◆ **WORK TO BE COMPLETED**
Copy out the data word for word. The images are not part of the copy.

◆ **DATA**

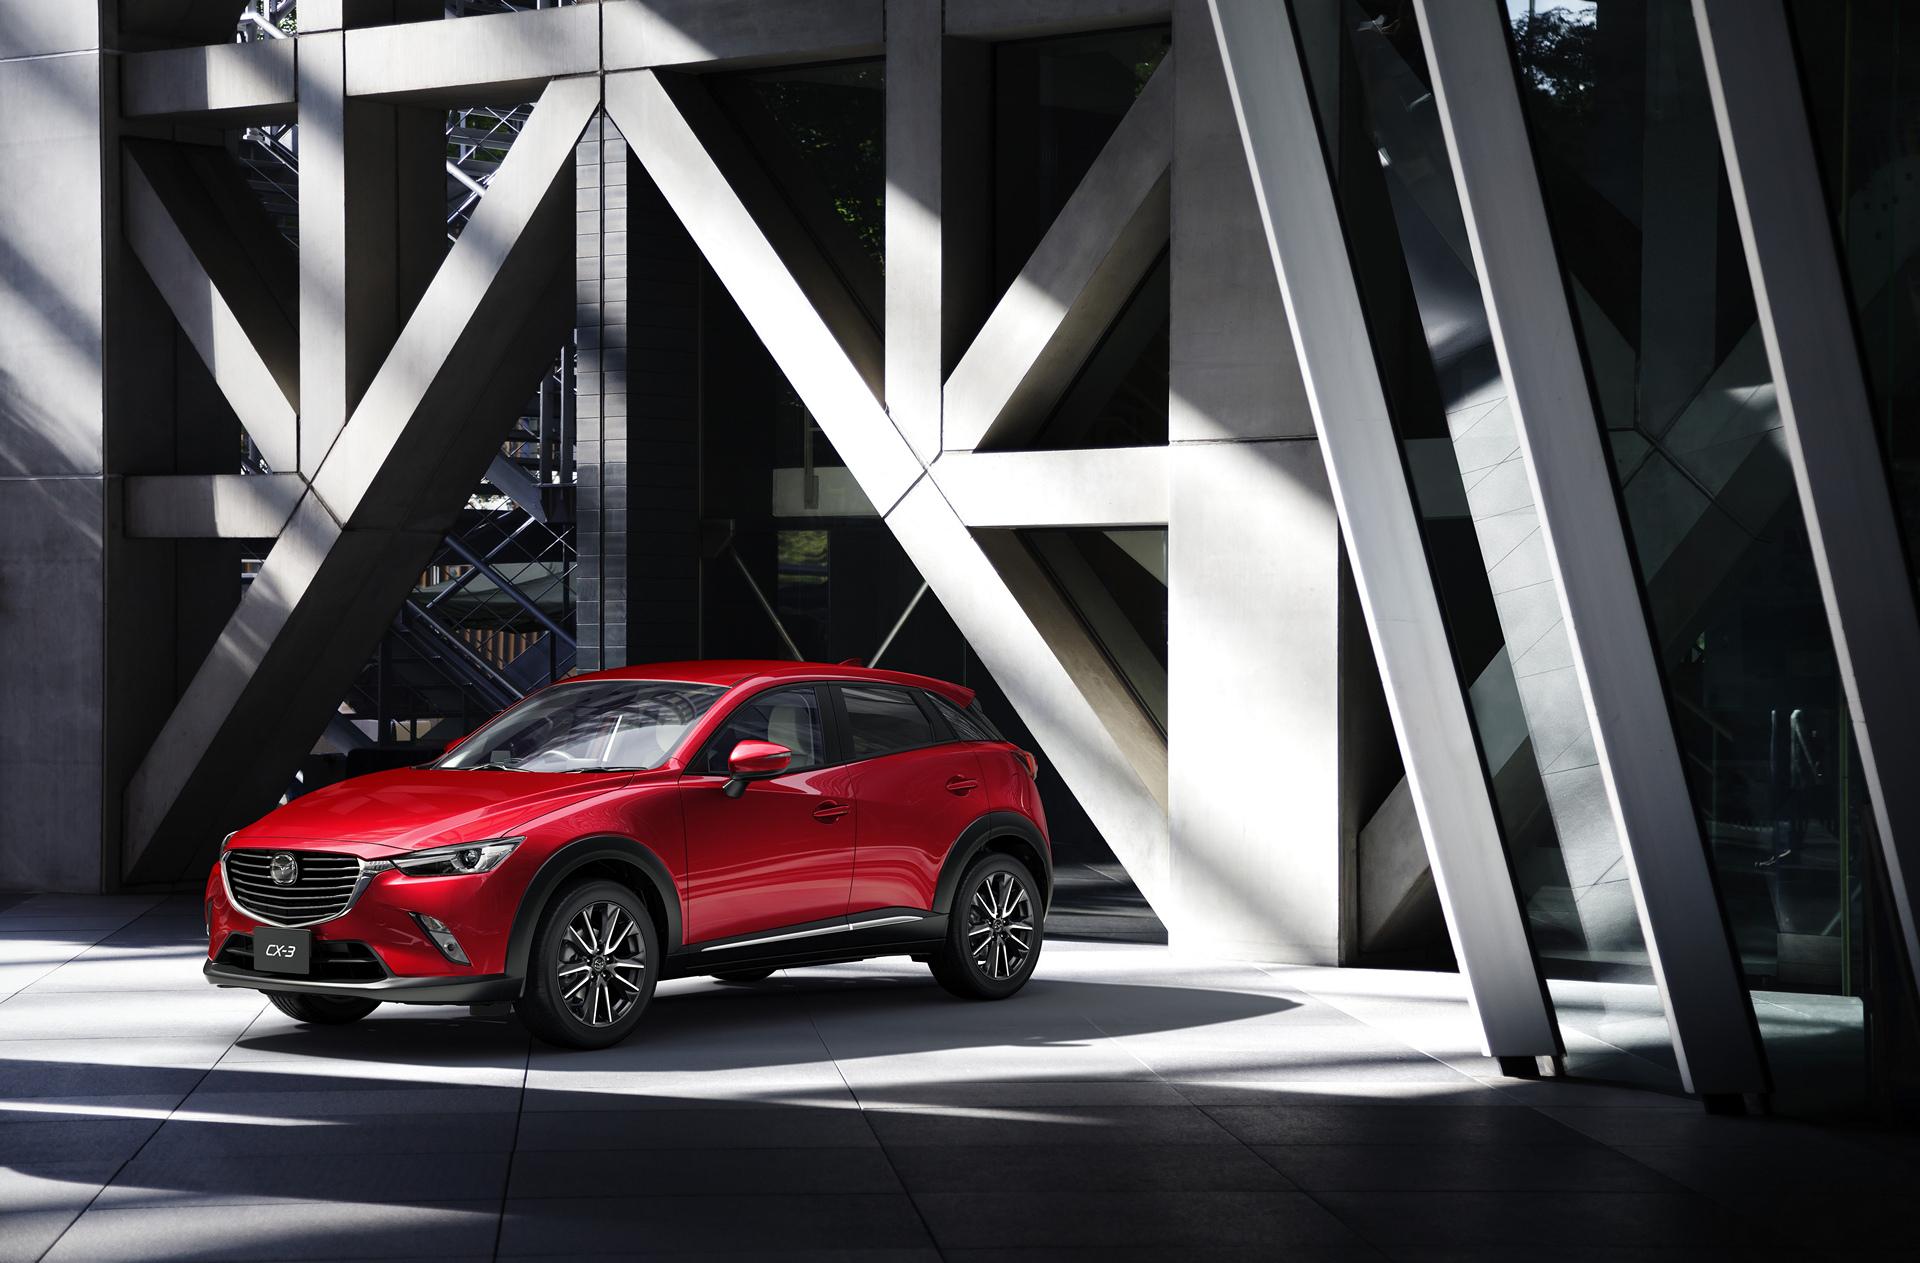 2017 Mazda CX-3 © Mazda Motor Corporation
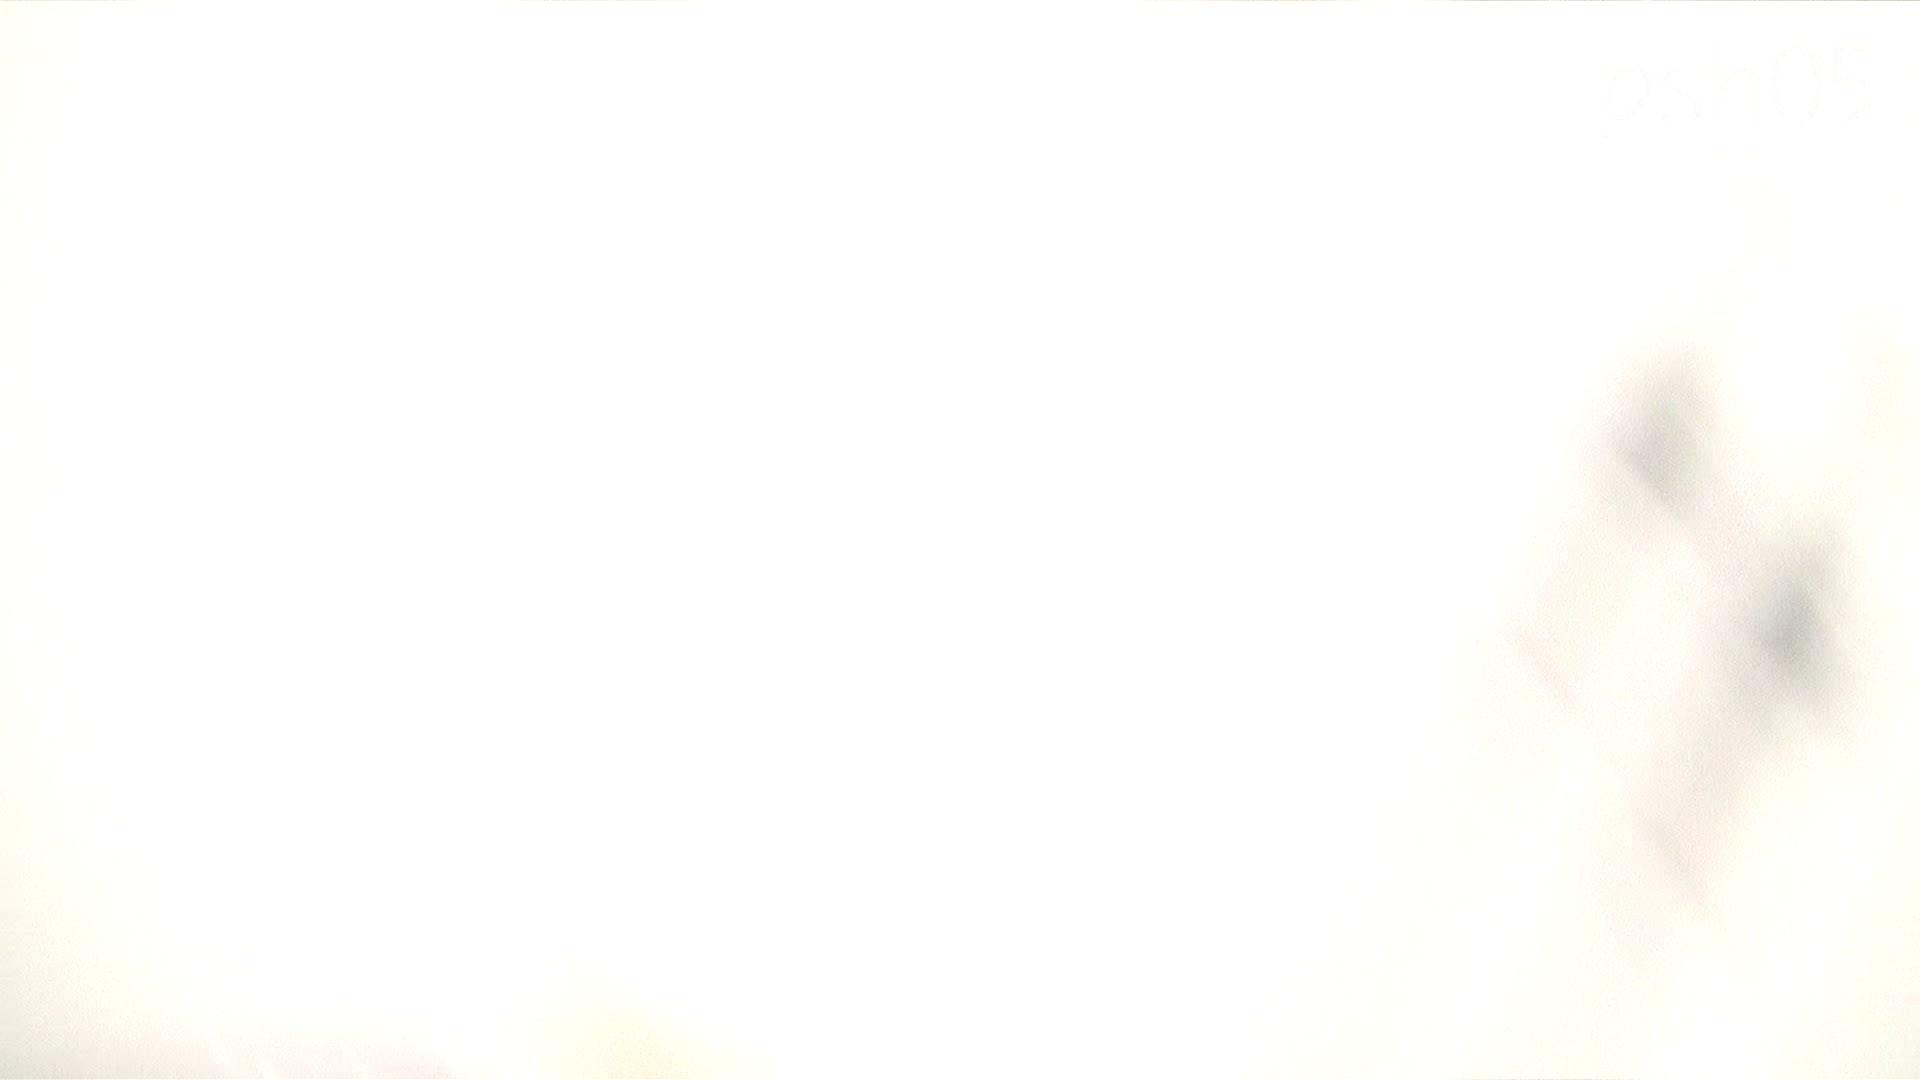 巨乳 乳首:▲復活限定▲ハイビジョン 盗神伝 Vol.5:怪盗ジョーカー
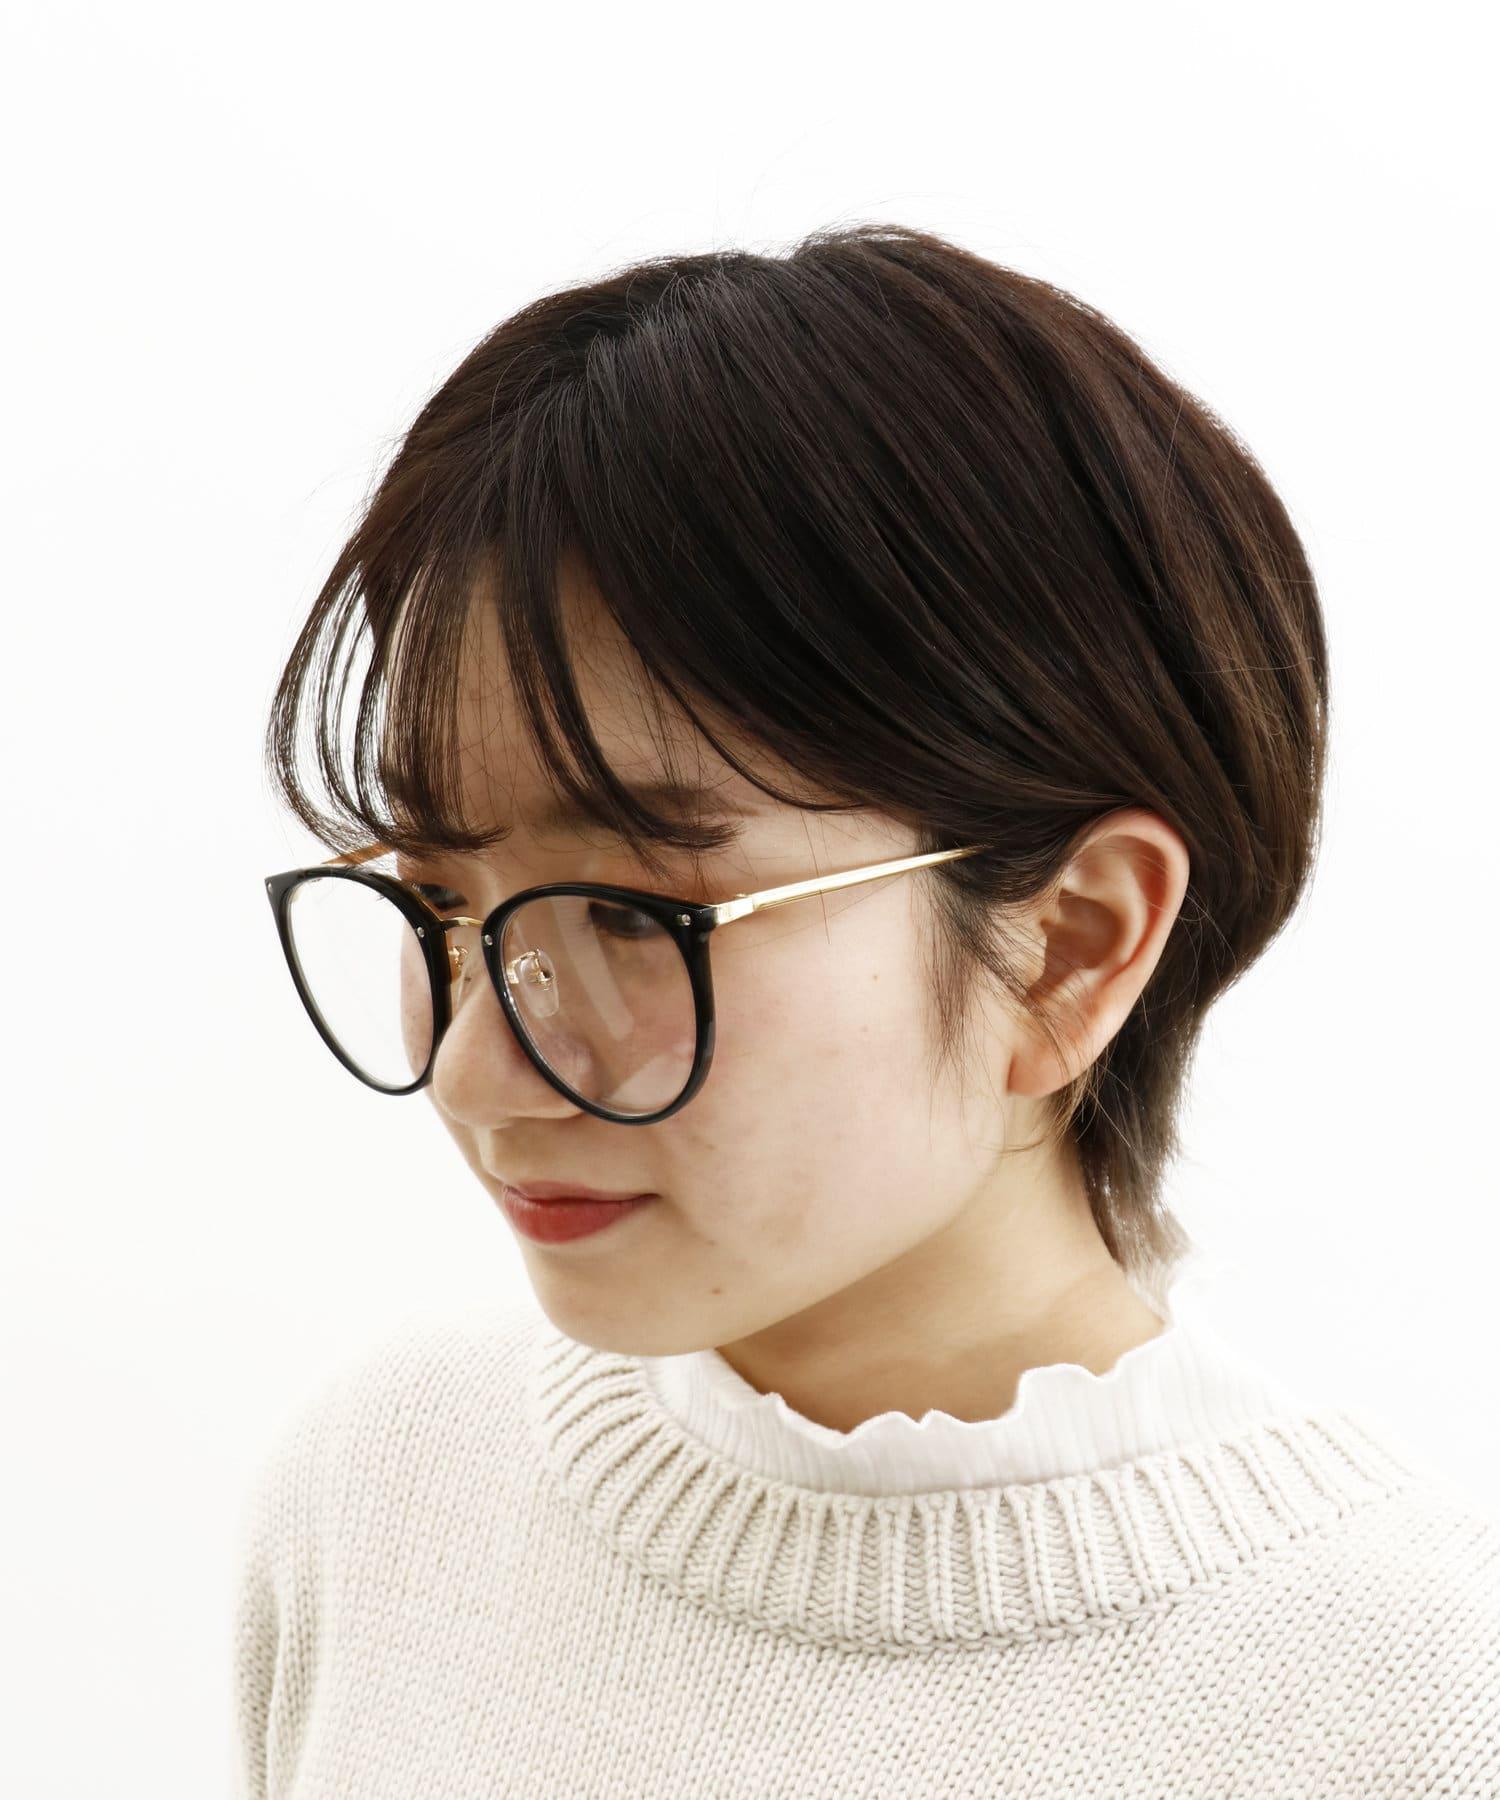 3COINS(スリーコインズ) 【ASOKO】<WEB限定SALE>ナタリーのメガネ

◆ **WRITTEN RESPONSE**
 2017 Mazda CX-3 © Mazda Motor Corporation
 巨乳 乳首:▲復活限定▲ハイビジョン 盗神伝 Vol.5:怪盗ジョーカー
 3COINS(スリーコインズ) 【ASOKO】<WEB限定SALE>ナタリーのメガネ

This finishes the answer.